**What you have to do**
Line by line, retype the material exactly and leave each picture out.

**Information supplied**
-- Opening Marker --
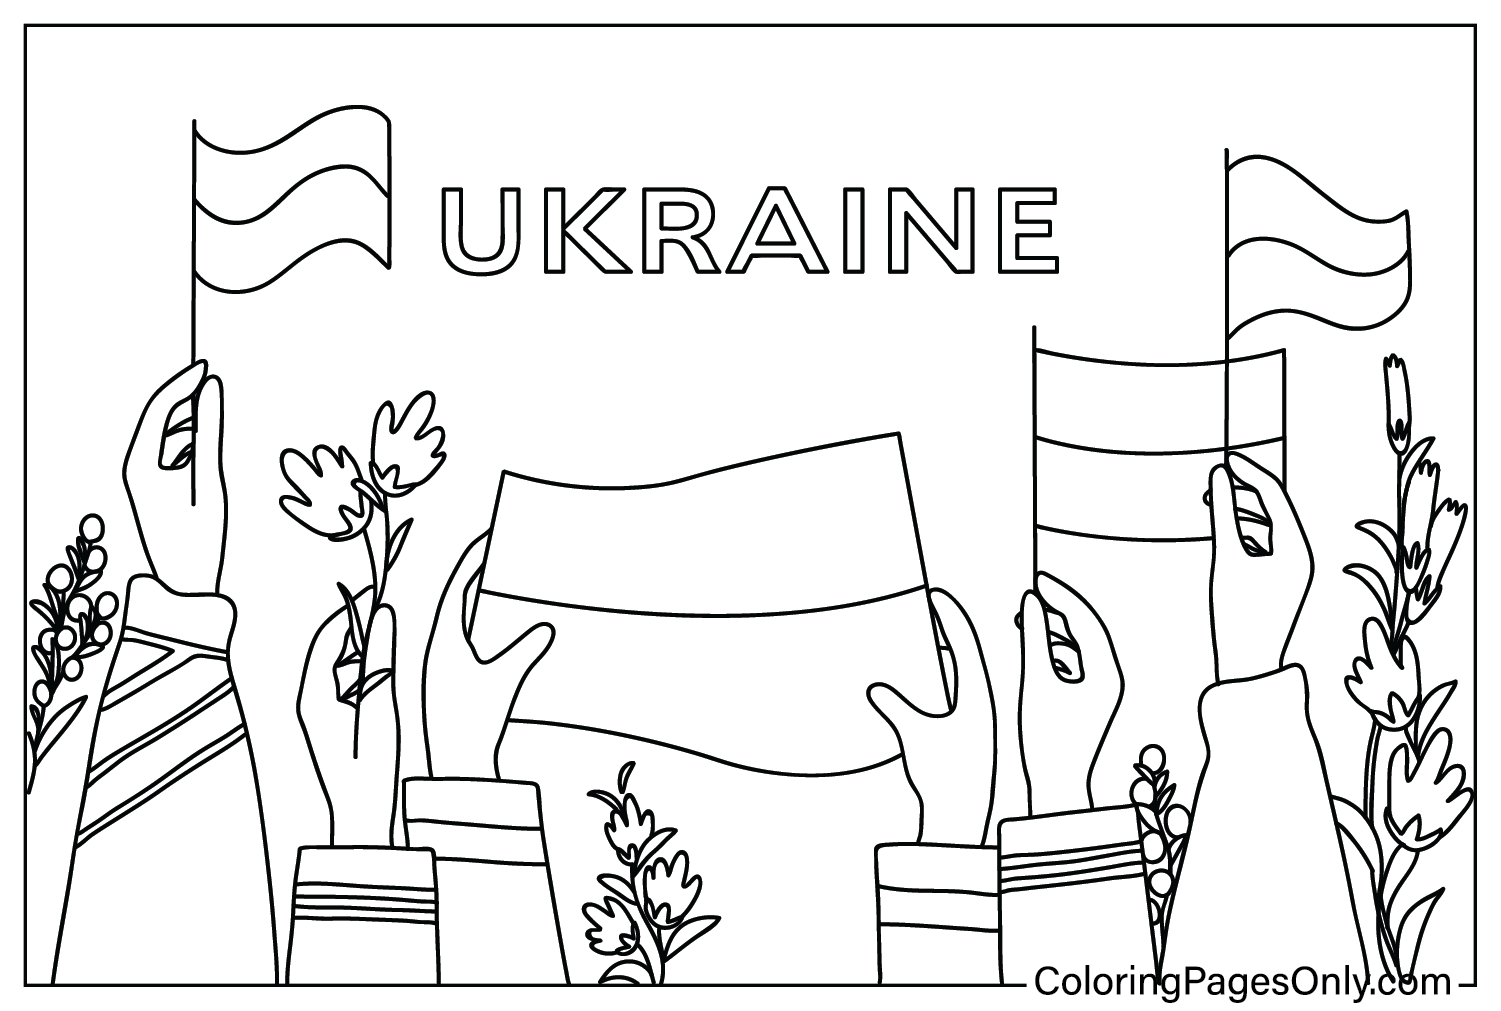 Ukraine Coloring Page Free Printable Free Printable Coloring Pages
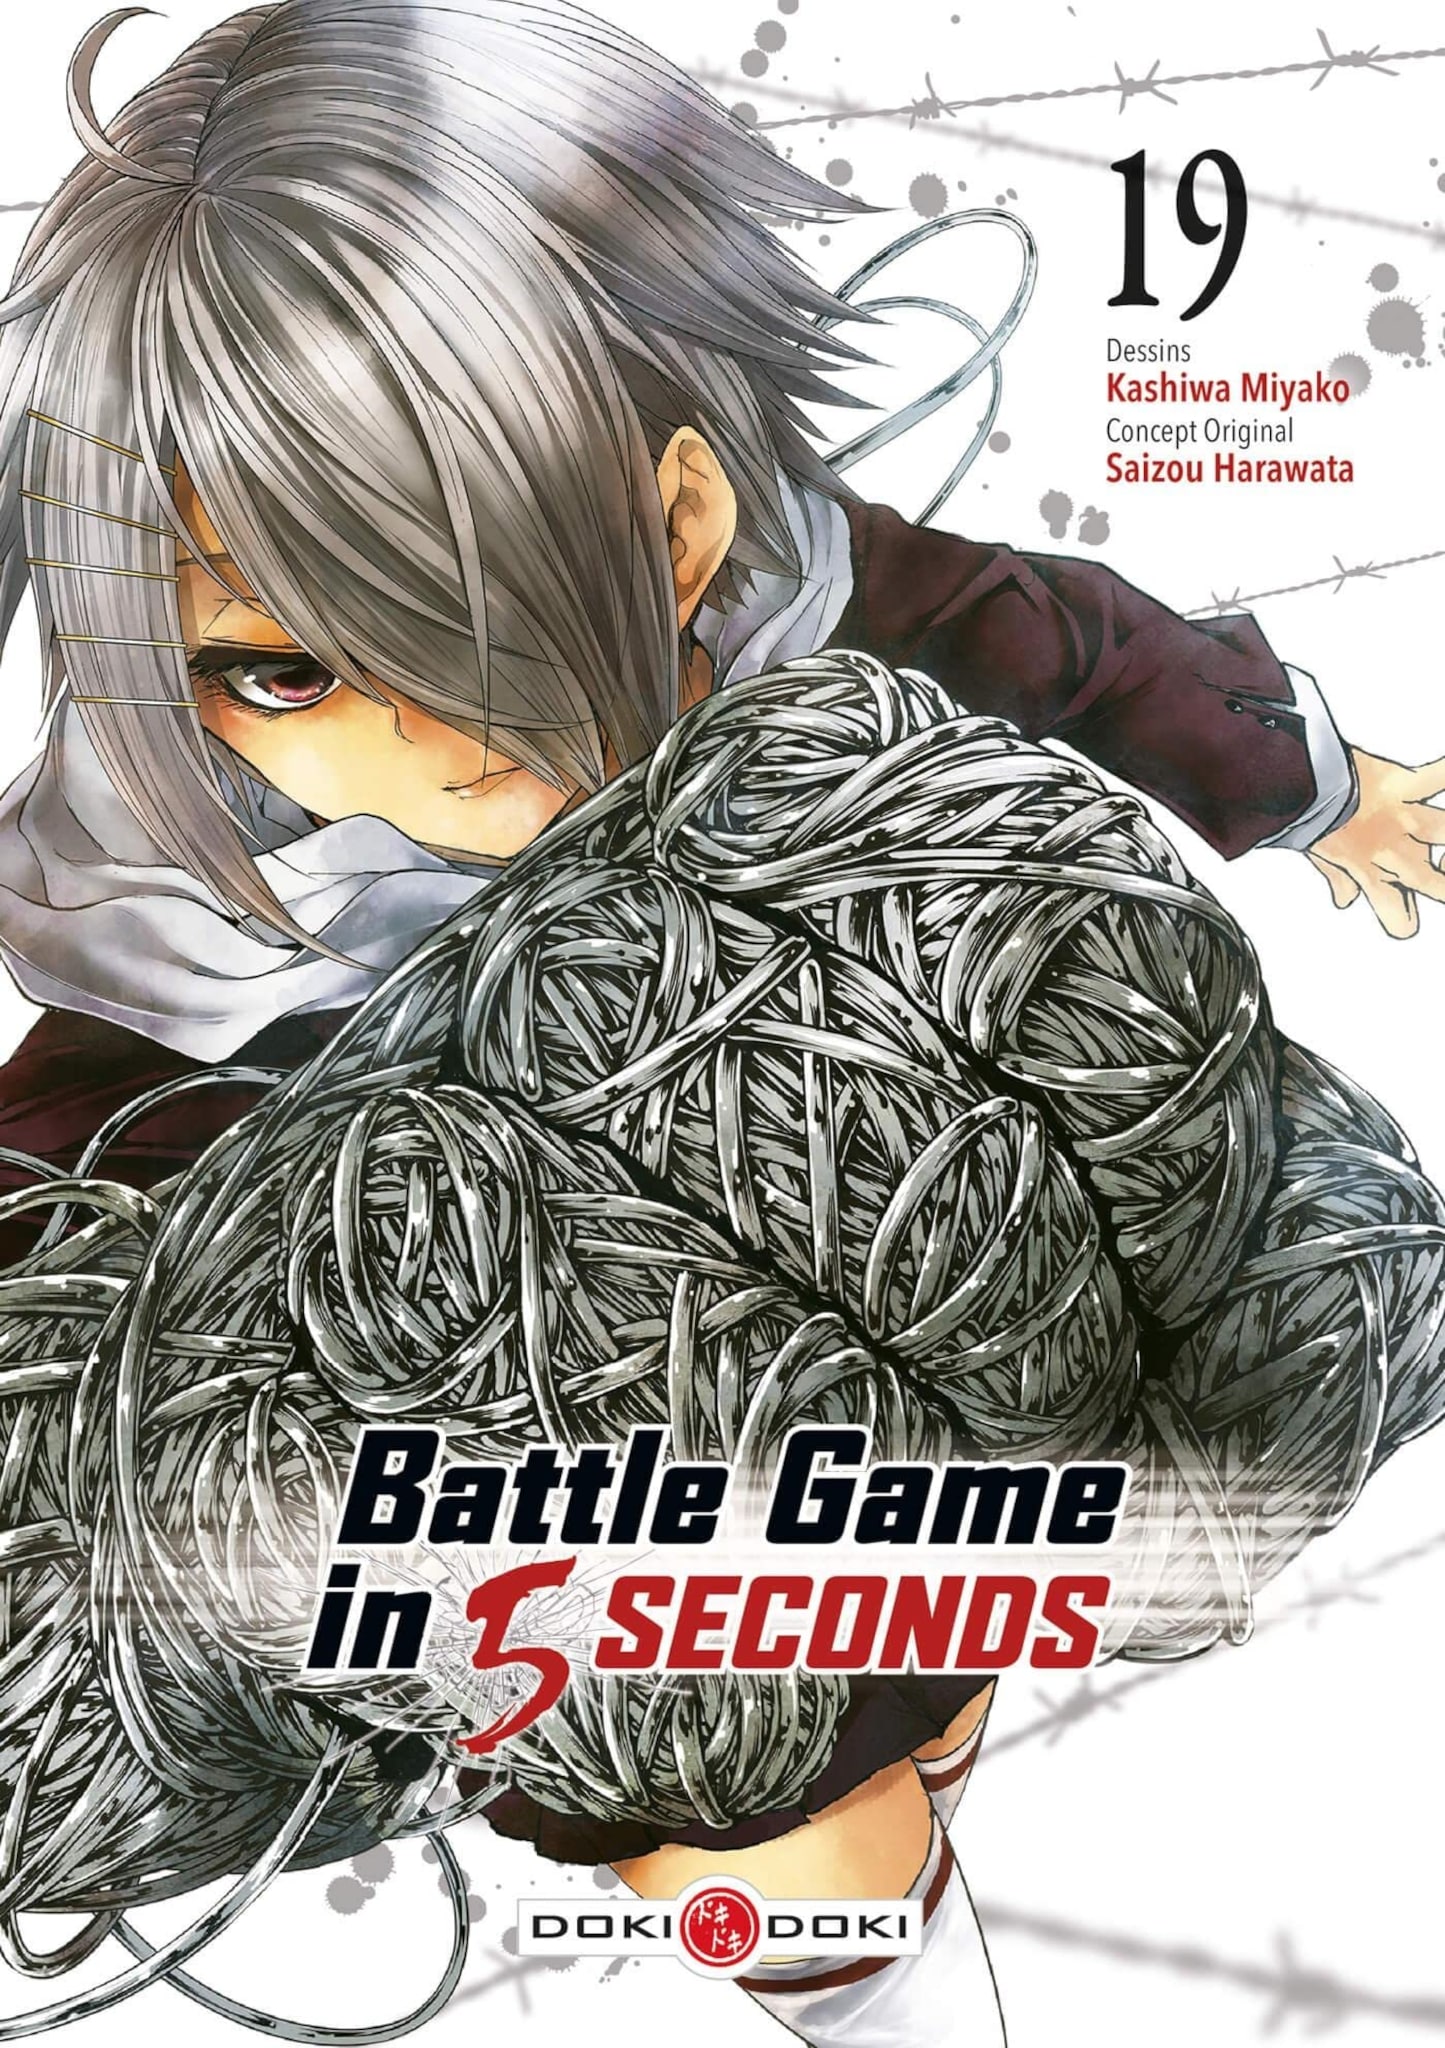 tome 19 du manga Battle Game in 5 Seconds
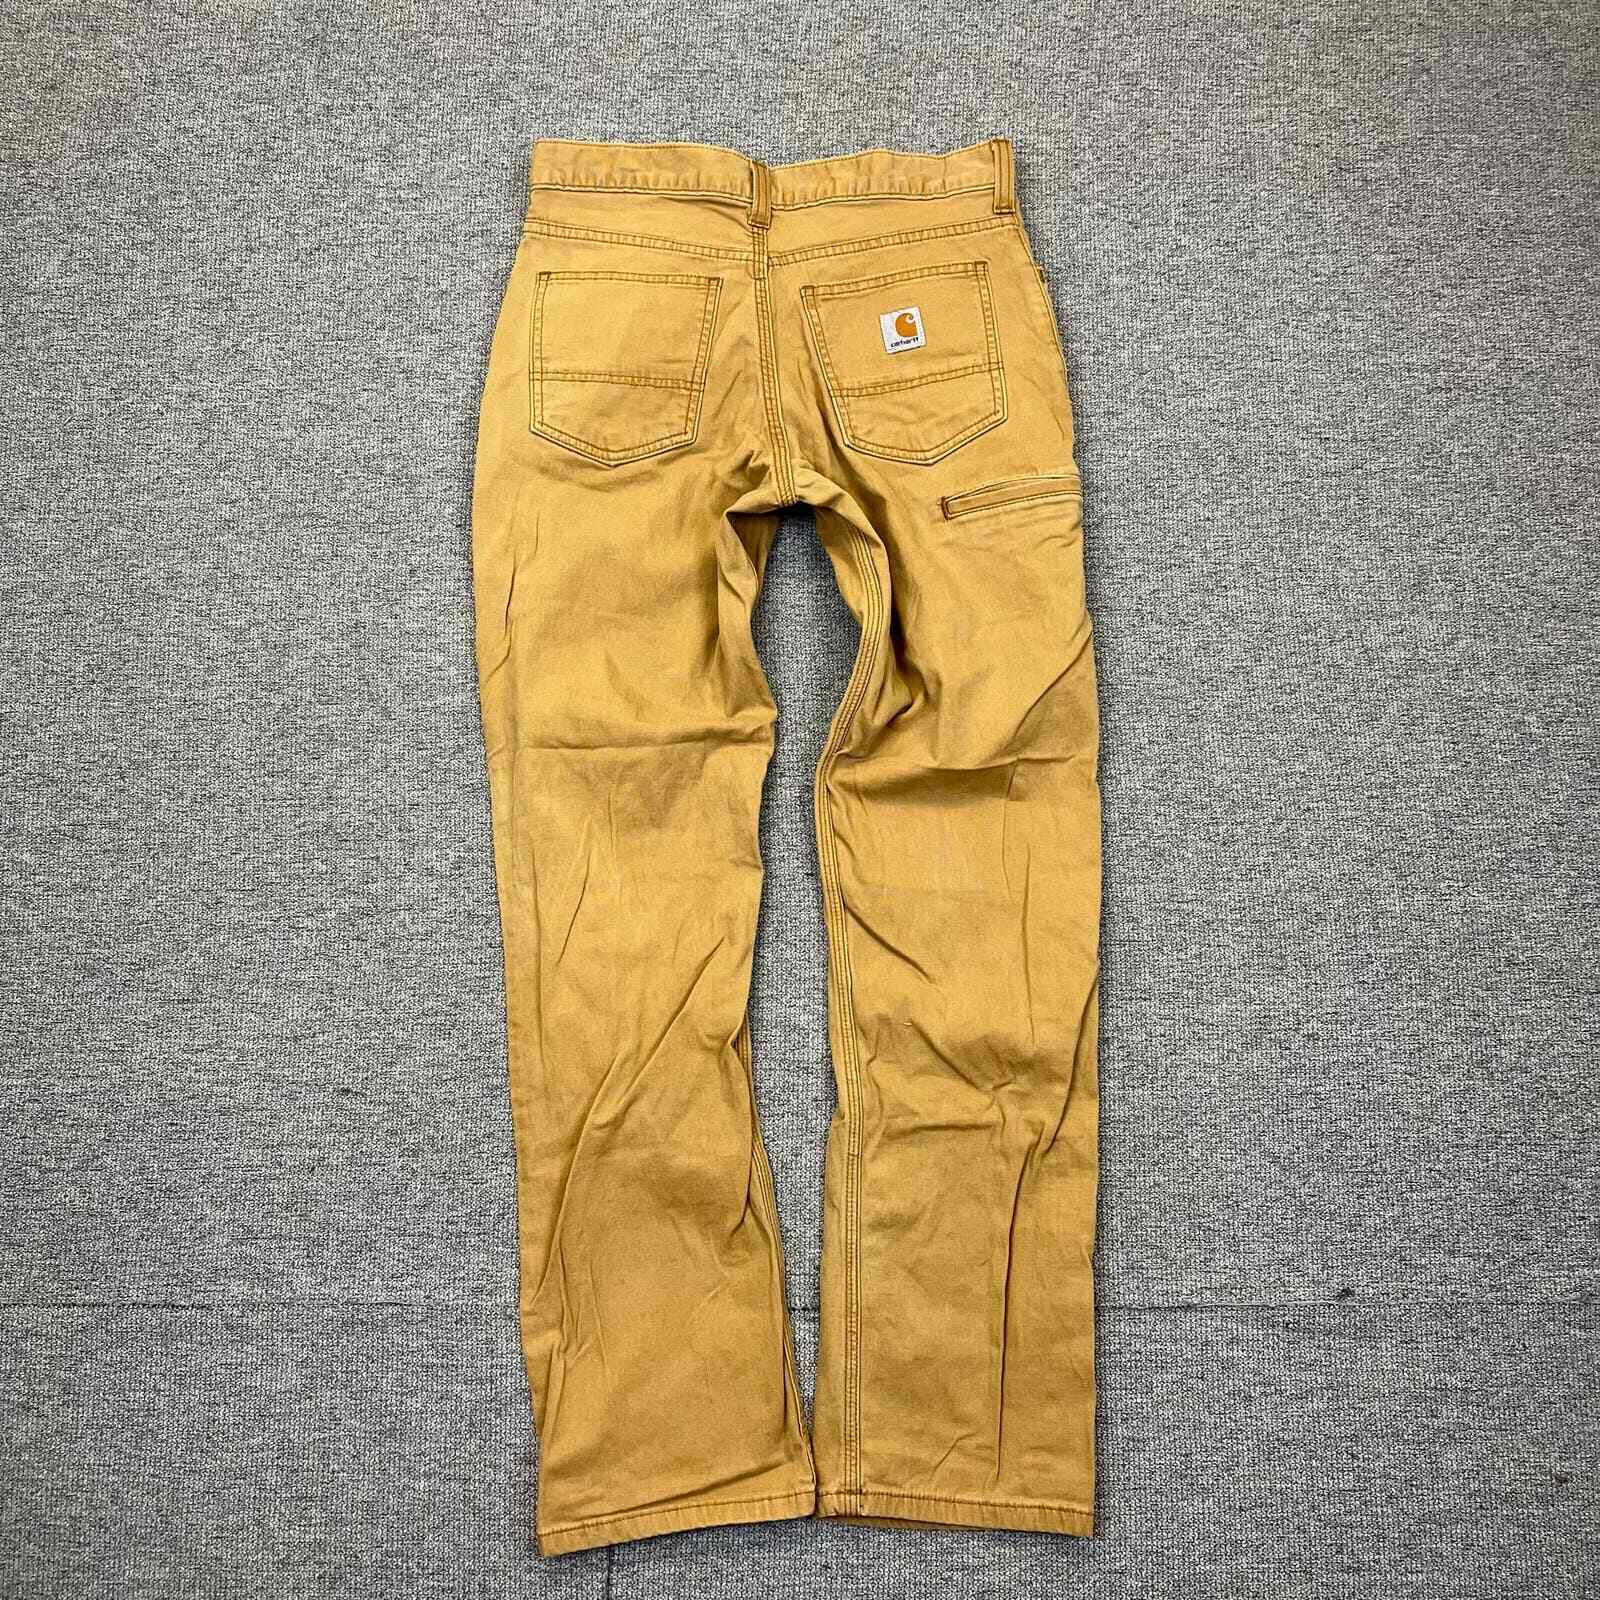 2000s 2010s Carhartt Relaxed Fit Tan Utility Pant… - image 2
-- Closing Marker --
**Response to this exercise**
 Ukraine Coloring Page Free Printable Free Printable Coloring Pages
 tome 19 du manga Battle Game in 5 Seconds
 2000s 2010s Carhartt Relaxed Fit Tan Utility Pant… - image 2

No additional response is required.